We all know that NH has some serious issues that need to be addressed. In looking at the House LSRs, it seems that the most important problems we face in NH appear to be guns and abortion. Get ready for the non-budget session of the biennium, with a side order of special sauce on account of the presidential election. Avoid the sauce if you have allergies, since it was prepared in an area contaminated by nuts.


State Representative Michael Brewster represents Epsom and Pittsfield. He appears to be the winner in this years “most LSRs filed contest,” after filing a whopping 37. It seems that Brewster has some grievances with our judicial system, regarding the custody of his child. Most of the 37 LSRs Brewster has filed involve judges or the judiciary system. Brewster has also filed an LSR calling for the impeachment of Governor Hassan, and another to remove the five executive councilors from office. But, so far, my absolute favorite of Brewster’s LSRs: “prohibiting the general court from filing legislation in the second year of the session.” Well done, sir.

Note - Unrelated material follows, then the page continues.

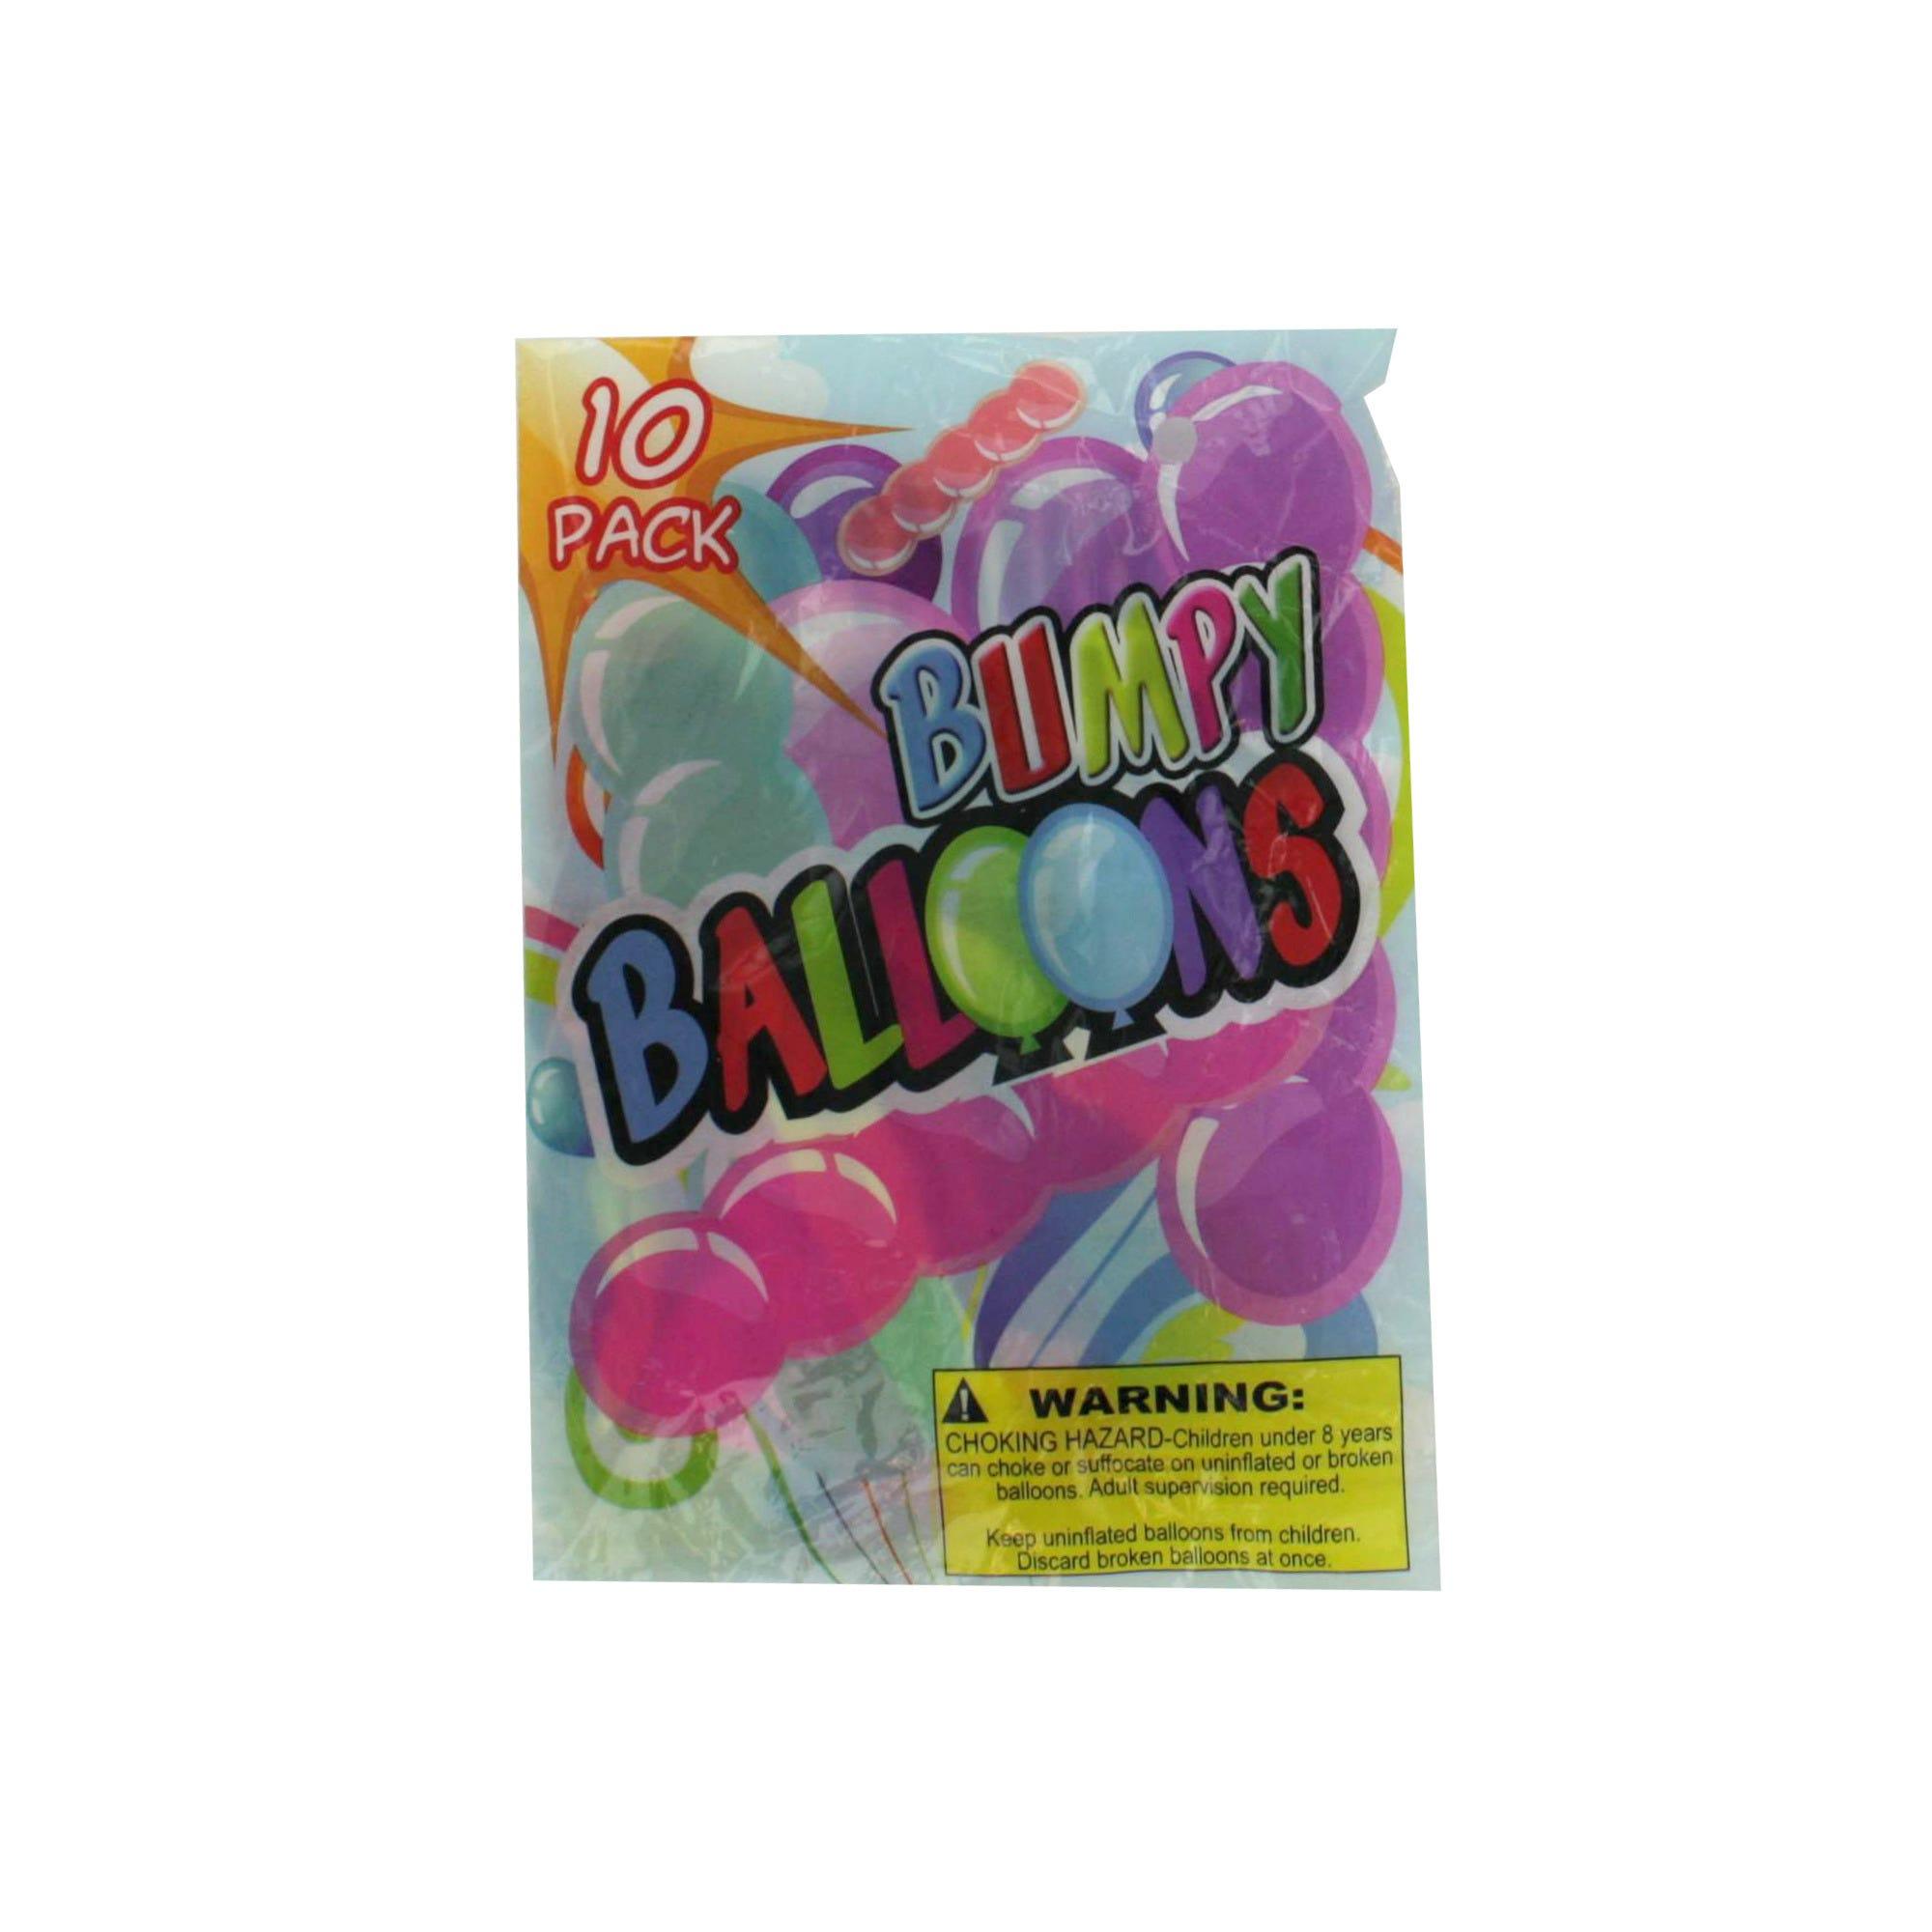 giant-bumpy-BALLOONs

There are several bills calling for a registry of drug dealers to be created. House Majority Leader, Jack Flanagan, has one that would establish a registry for people convicted of heroin related offenses. There isn’t a registry for the bankers who destroyed the US economy, but Flanagan wants to put some poor junkie who gets caught buying a bag on a registry that will forever impede him from turning his life around. (A gun registry would be tyranny!) Jack Flanagan is pondering a run for Congress in the second district.

Rep. Gene Chandler is one of the sponsors of an LSR aimed at amending the NH Constitution on the issue of domicile. The Republican dedication to limiting voting rights continues unabated. Other states are looking at expanding voter rights. New Hampshire is not one of them.  

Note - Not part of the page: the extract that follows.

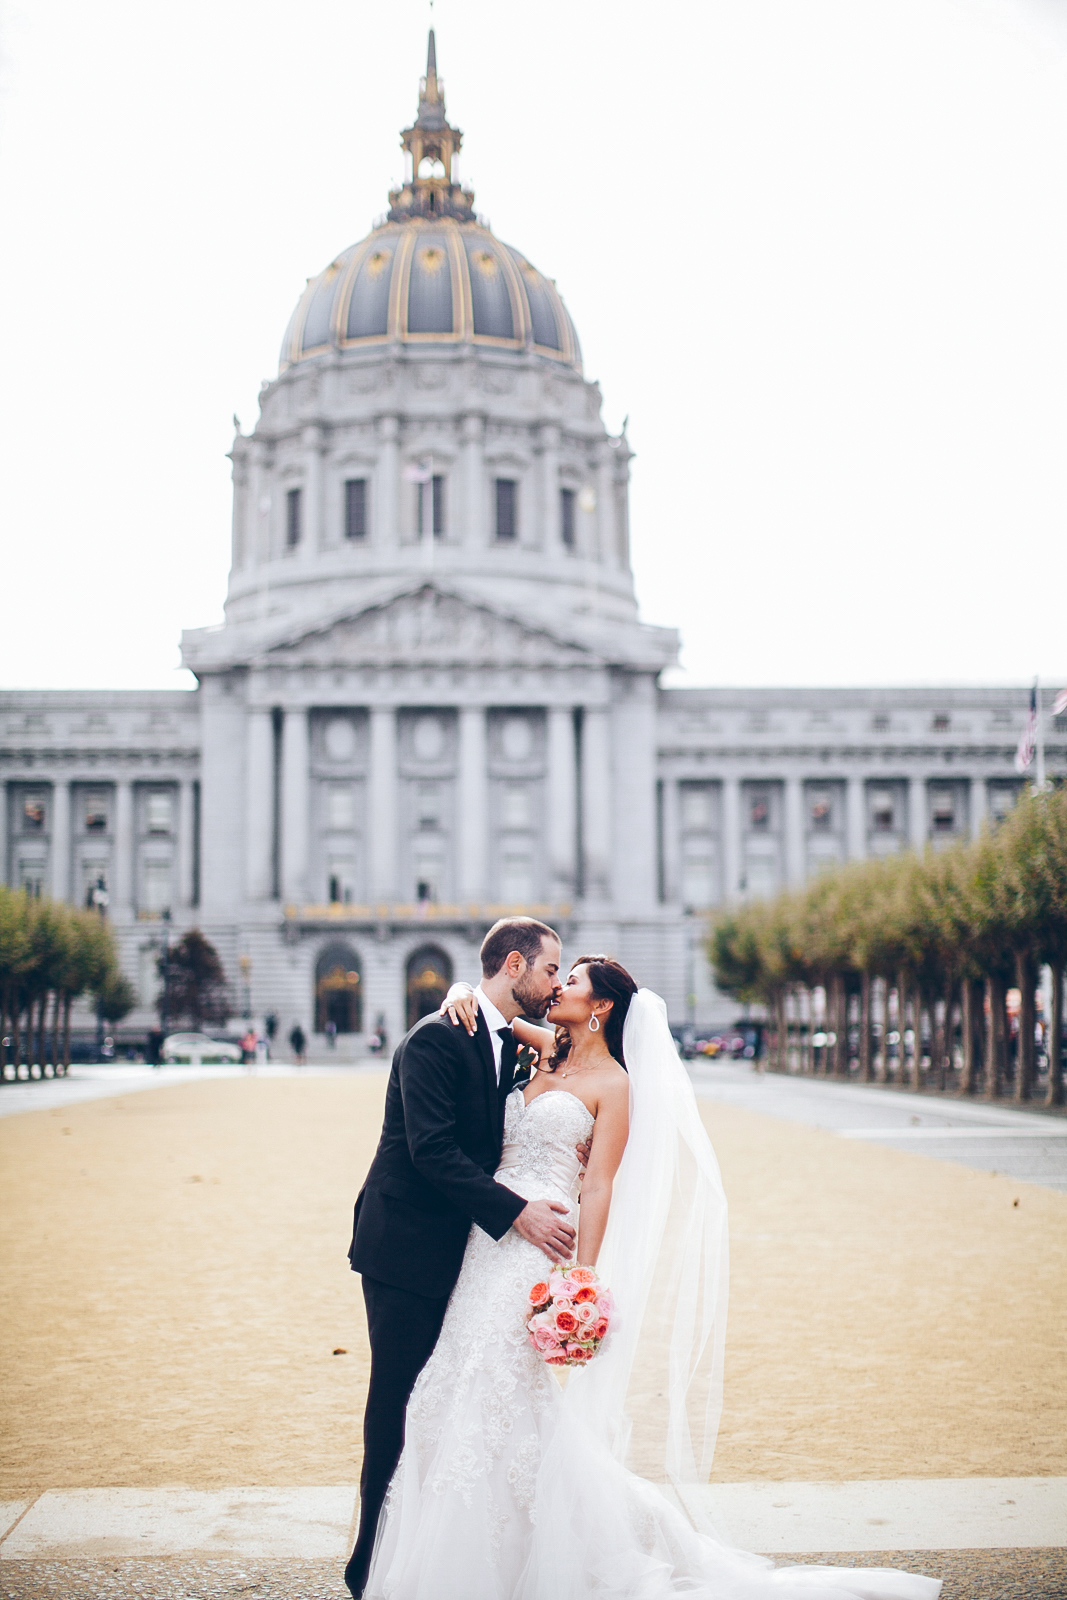 San_francisco_city_hall_wedding_photography_meegan_travis_ebony_siovhan_bokeh_photography_64.jpg
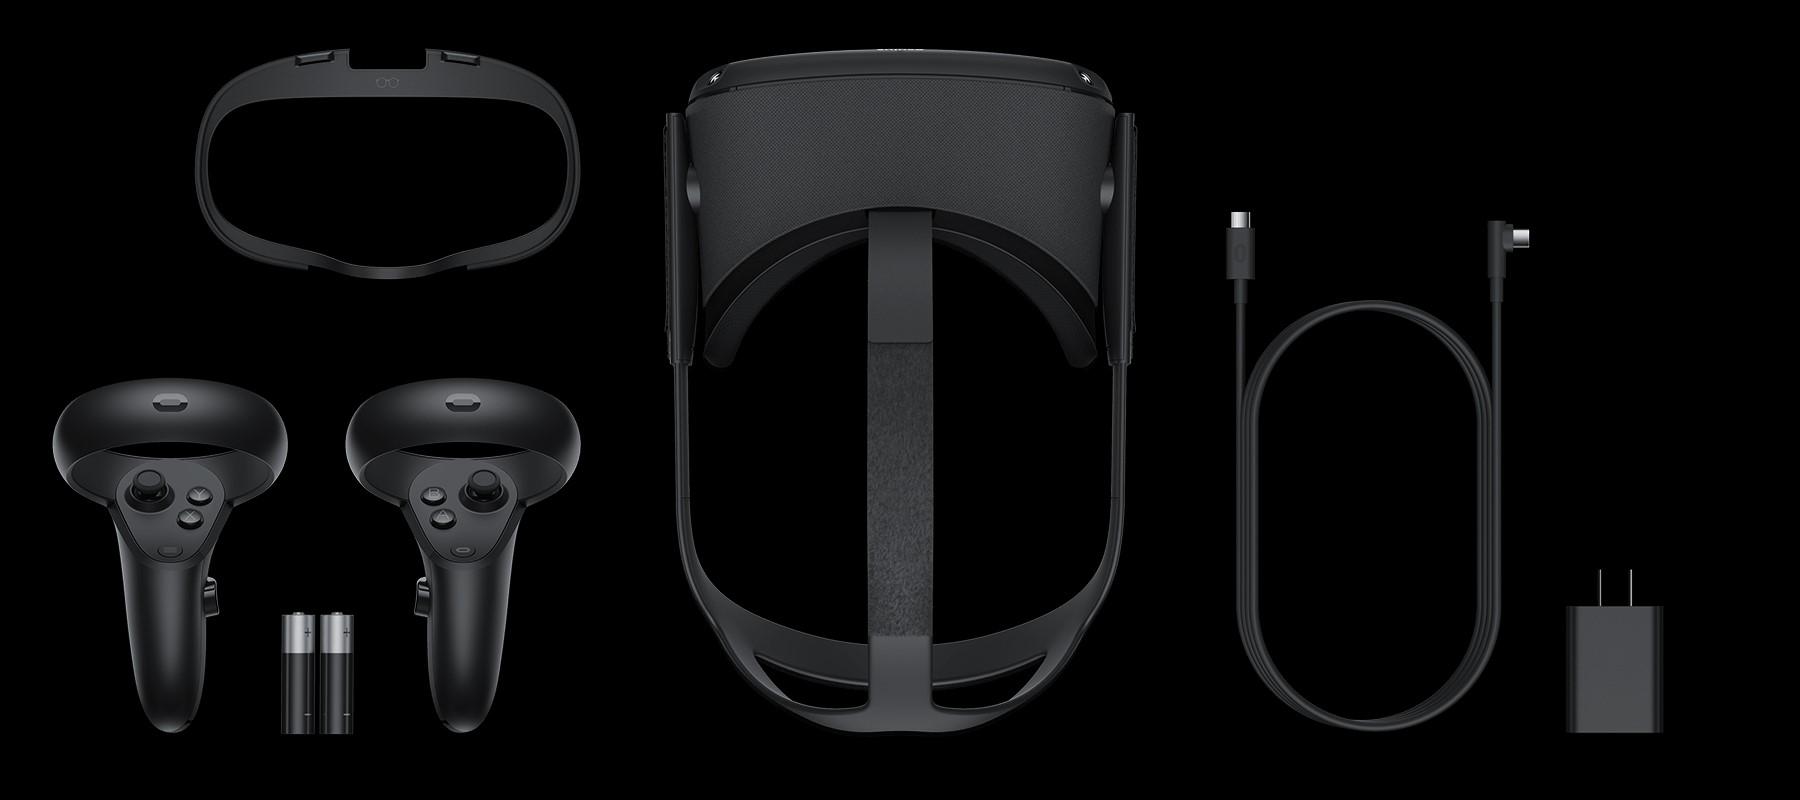 content oculus vr headset

State Representative Don Leeman would like to require drug testing for public assistance recipients. This has proven to be a big waste of money in other states, where the only winners were the companies who raked in the big bucks for finding a tiny percentage of people who failed the test. One wonders how far this would go. Would the families who receive assistance for their children with disabilities be required to pee into cups? Leeman filed another LSR that would restrict the use of food stamps in convenience stores. Many SNAP recipients live in areas where there are no supermarkets and there is no public transportation. Apparently it was a long, hot summer in Rochester, with nothing to do but think about ways to demonize the poor.

Self-styled Constitutional scholar, Rep. Dan Itse did not disappoint. He may have been overshadowed by Rep. Brewster in the number of LSRs filed, (Itse only filed 28) but he did manage to bring his usual level of peculiarity to the process. Itse has filed an LSR that would change the marriage license requirement to a requirement that couples obtain a certificate of intent to marry. He would also like to proclaim the second week of September as Patriot Week.

An LSR was filed calling on the US House and Senate to consider a constitutional amendment prohibiting campaign contributions, unless the donor is eligible to vote in that election. Free Staters Ed Comeau and Max Abramson didn’t utter a peep when a libertarian millionaire from Texas inserted his “free speech” into the special election in March that gave Yvonne Dean-Bailey a seat in the NH House, but both are sponsors of this LSR.  Continuing on in the tradition of legislating personal grudges, Abramson has also filed an LSR requiring the testing of law enforcement officers for steroid use. Abramson was arrested and charged with felony gun charges for attempting to break up a party at his house (in a residential neighborhood) by firing a gun.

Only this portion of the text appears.